• [What to do]
The full listing should be written out verbatim, and its images should be dropped.

• [Stored data]
++++++++++

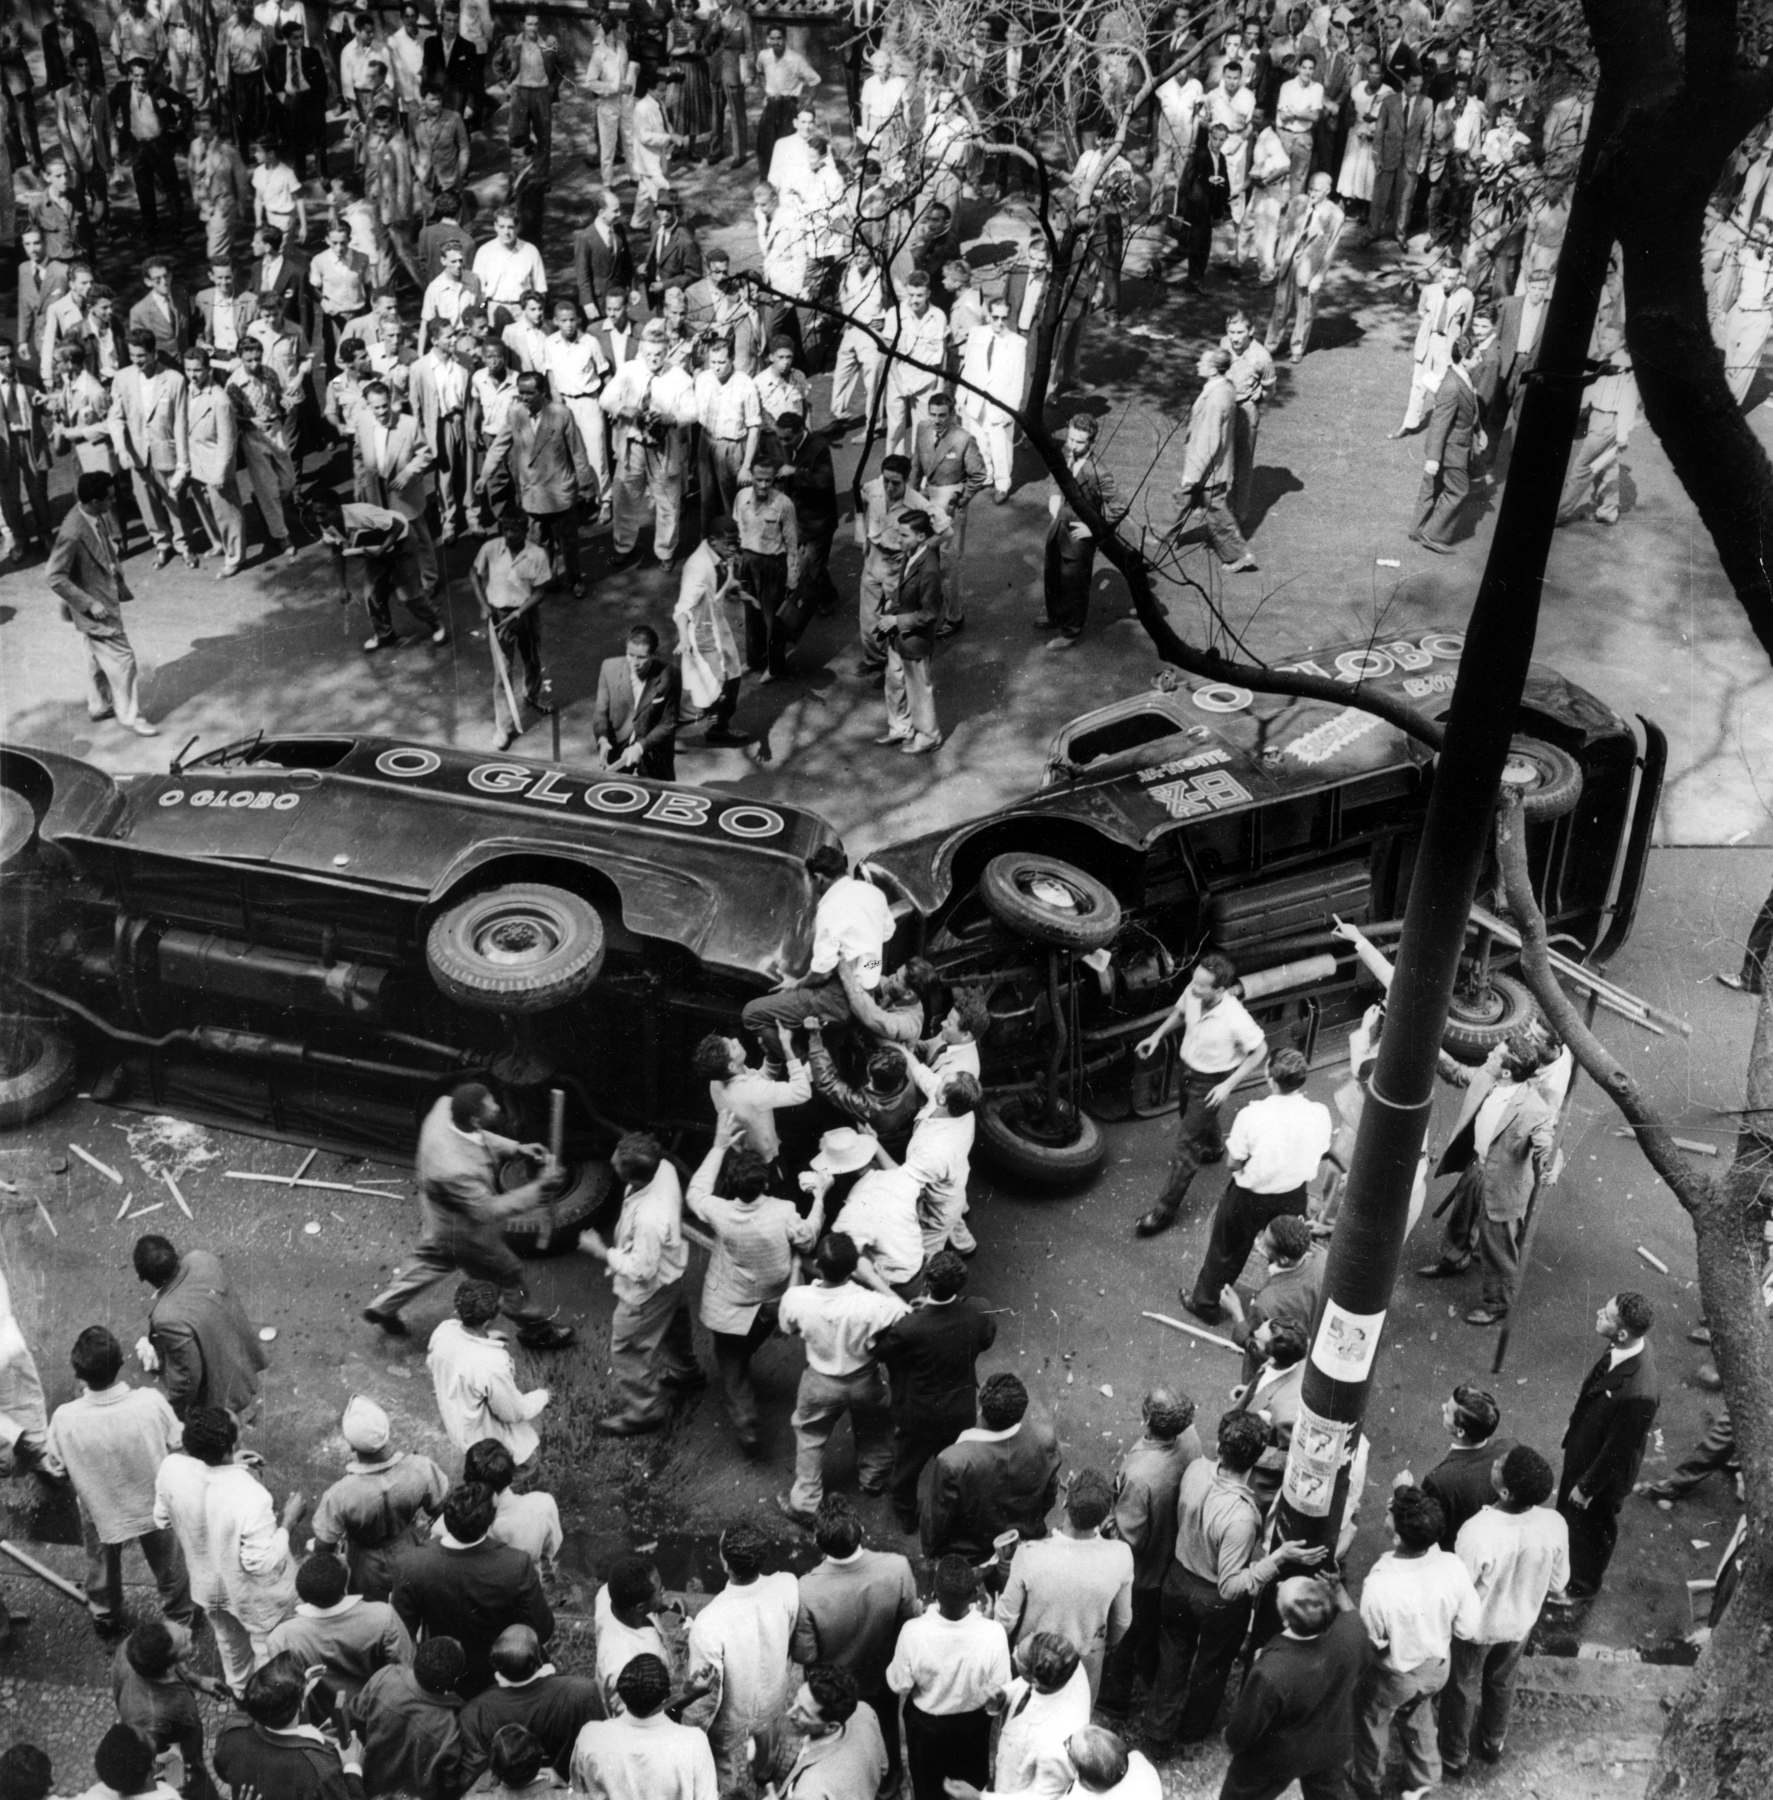 Fotografia em preto e branco. Dois veículos tombados, com as palavras 'O Globo' na lataria, e ao redor, dezenas de pessoas aglomeradas, algumas portando bastões.
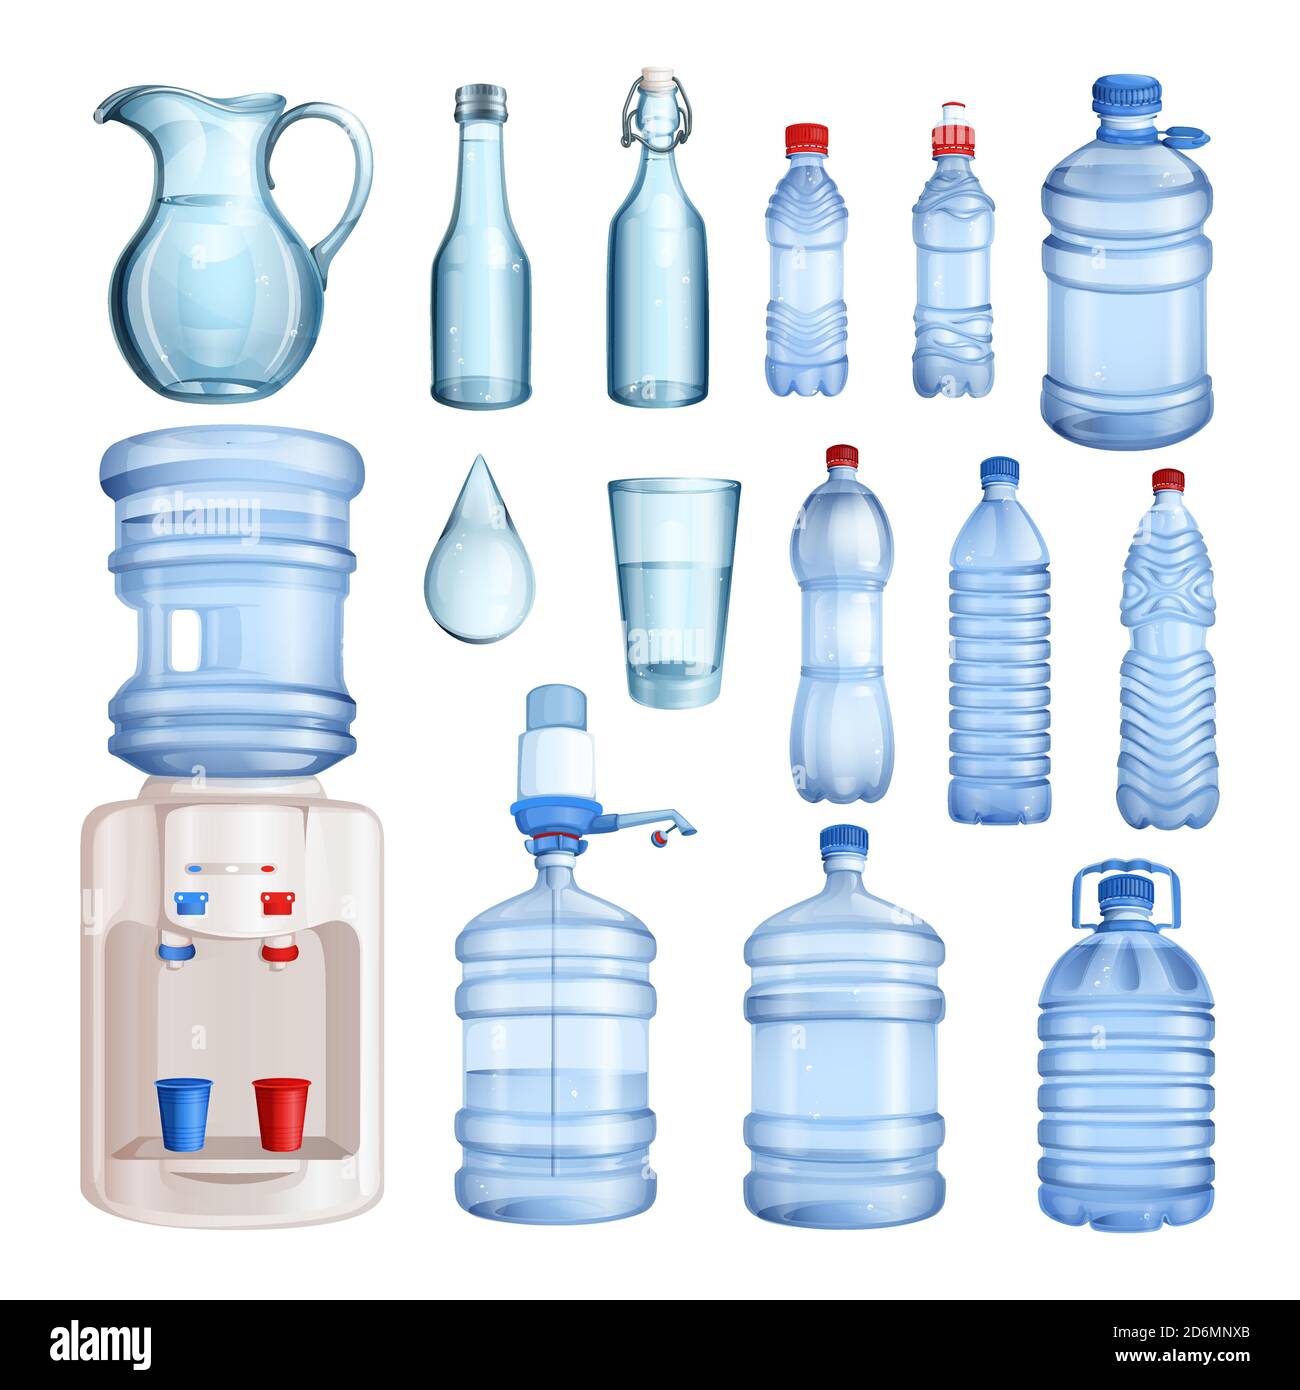 Wasser in Kunststoff- und Glasflaschen. Vektor isolierte Objekte gesetzt. Abbildung: Reines Mineralwasser. Stock Vektor
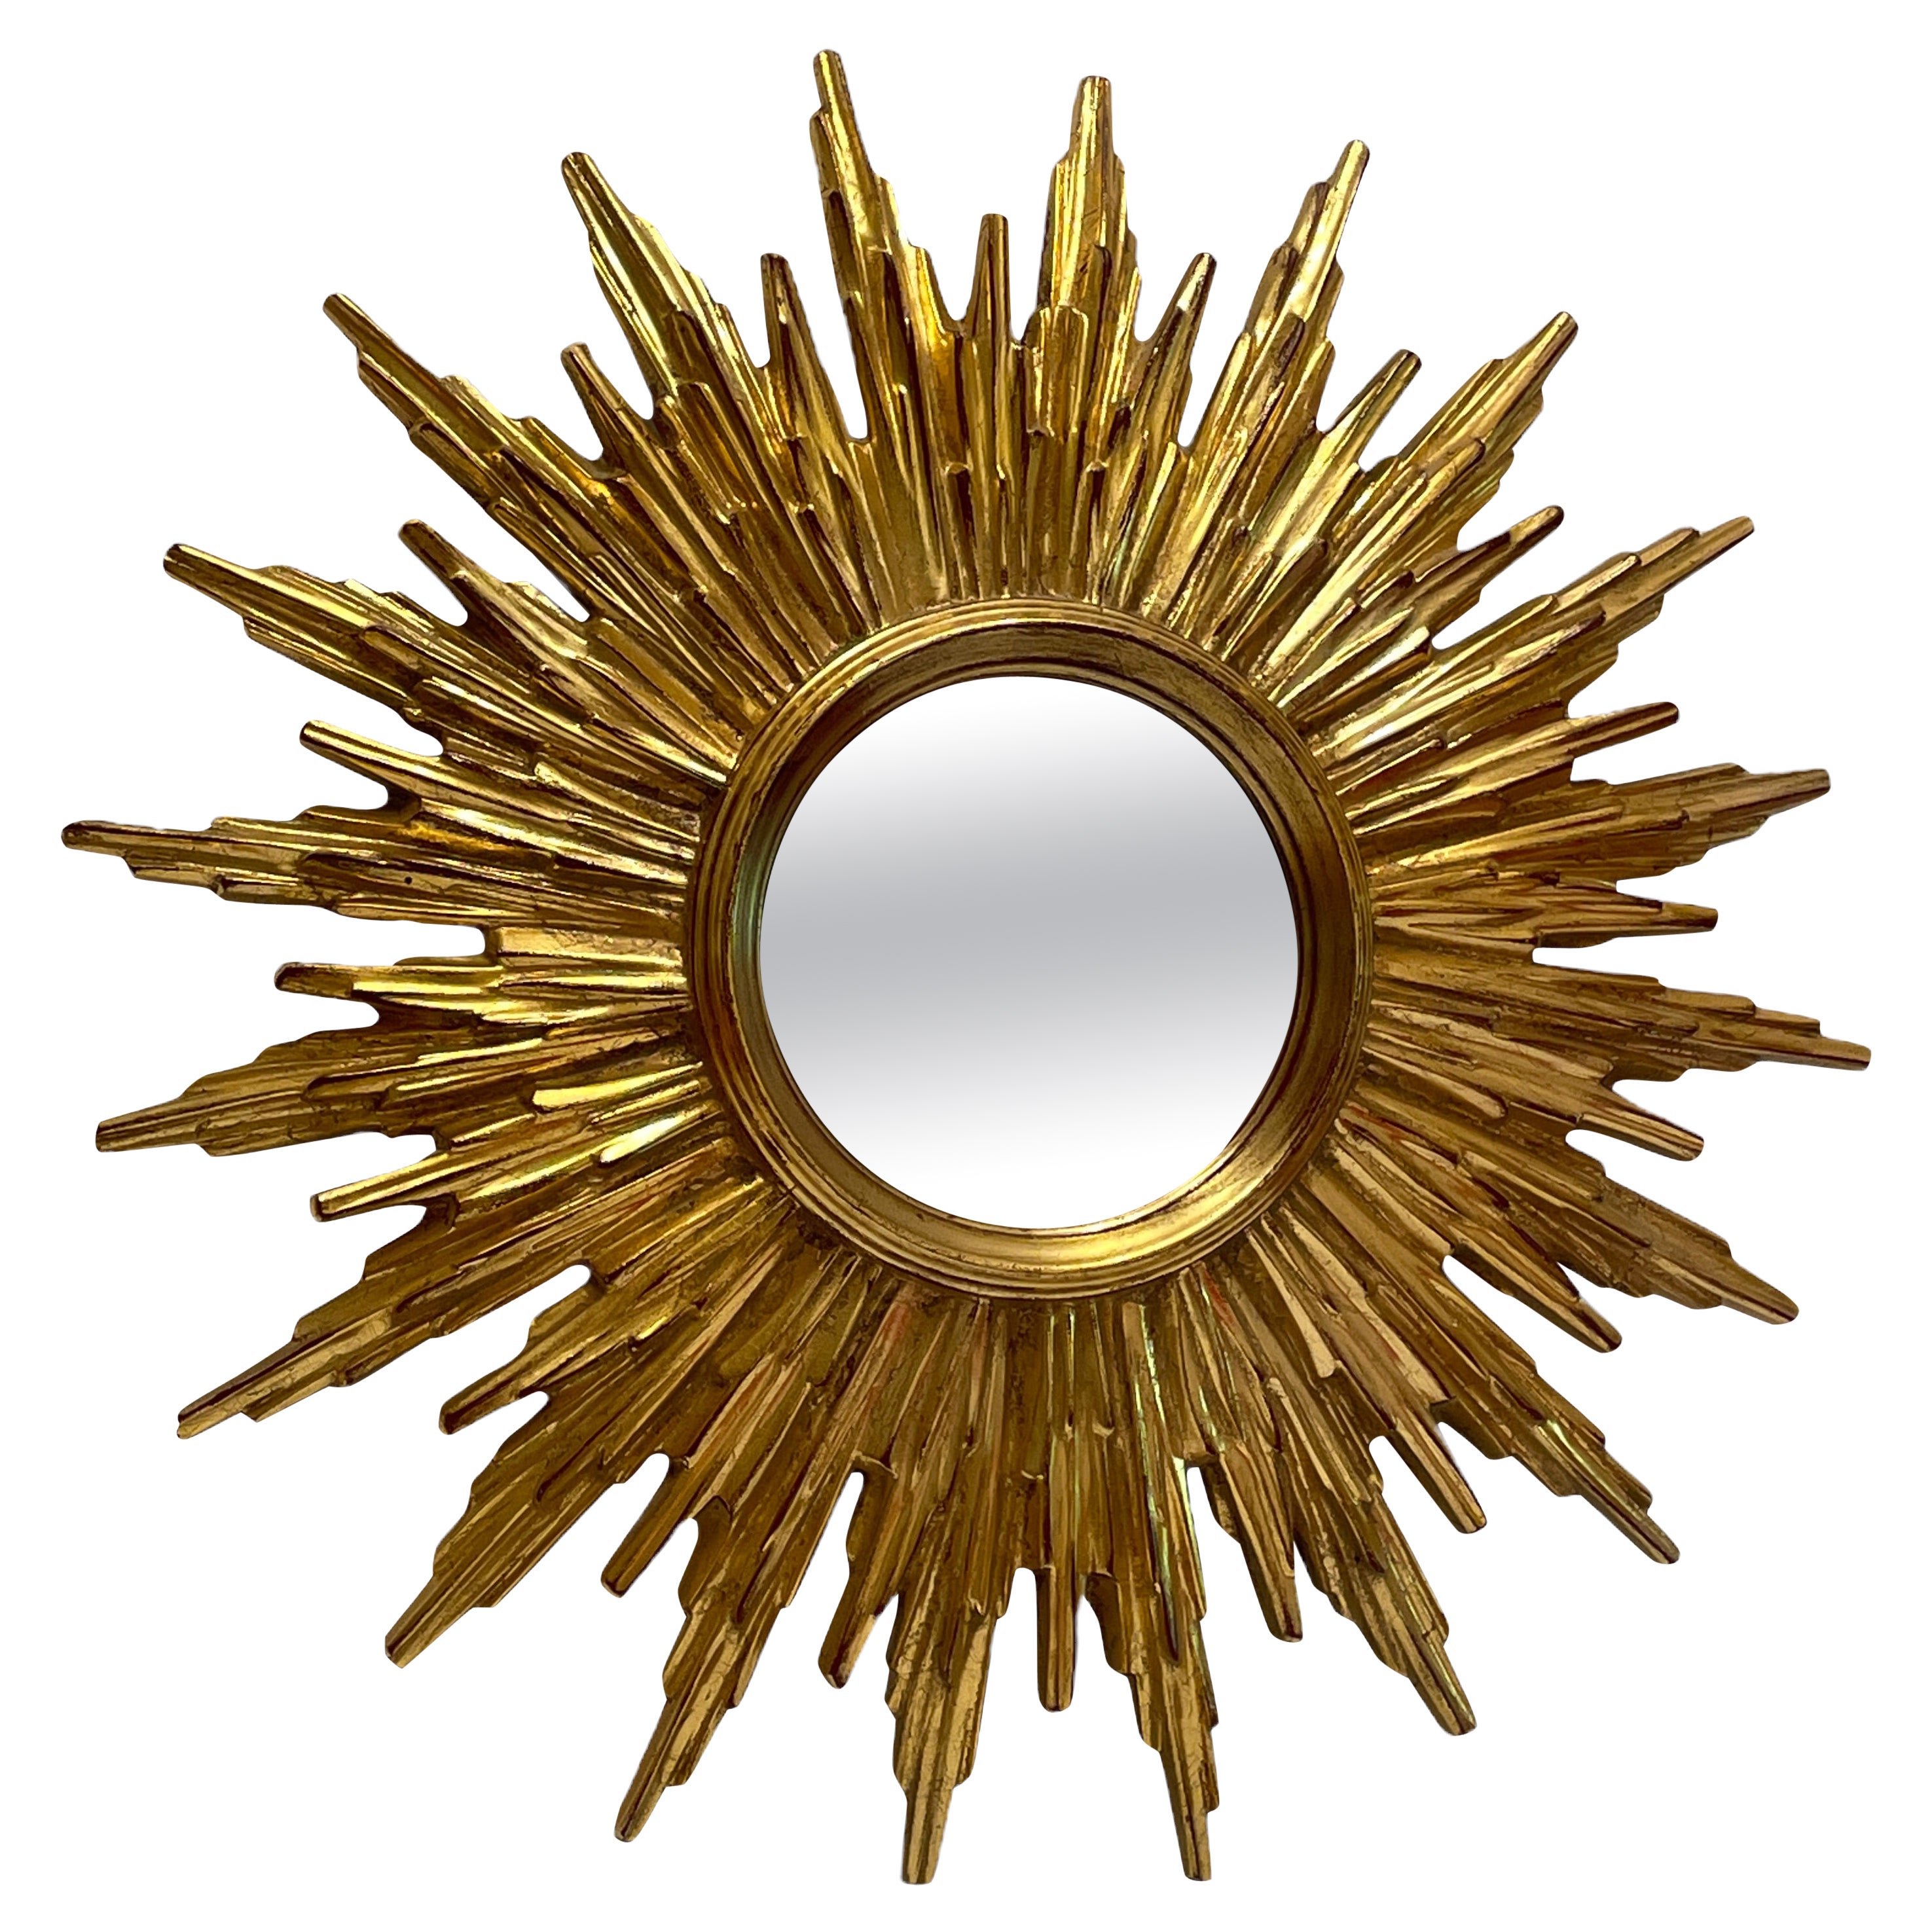 Beautiful Gilded Starburst Sunburst Mirror circa 1980s Made in Belgium

++++++++++

• [Reply]
 Fotografia em preto e branco. Dois veículos tombados, com as palavras 'O Globo' na lataria, e ao redor, dezenas de pessoas aglomeradas, algumas portando bastões.
 Wasser in Kunststoff- und Glasflaschen. Vektor isolierte Objekte gesetzt. Abbildung: Reines Mineralwasser. Stock Vektor
 Beautiful Gilded Starburst Sunburst Mirror circa 1980s Made in Belgium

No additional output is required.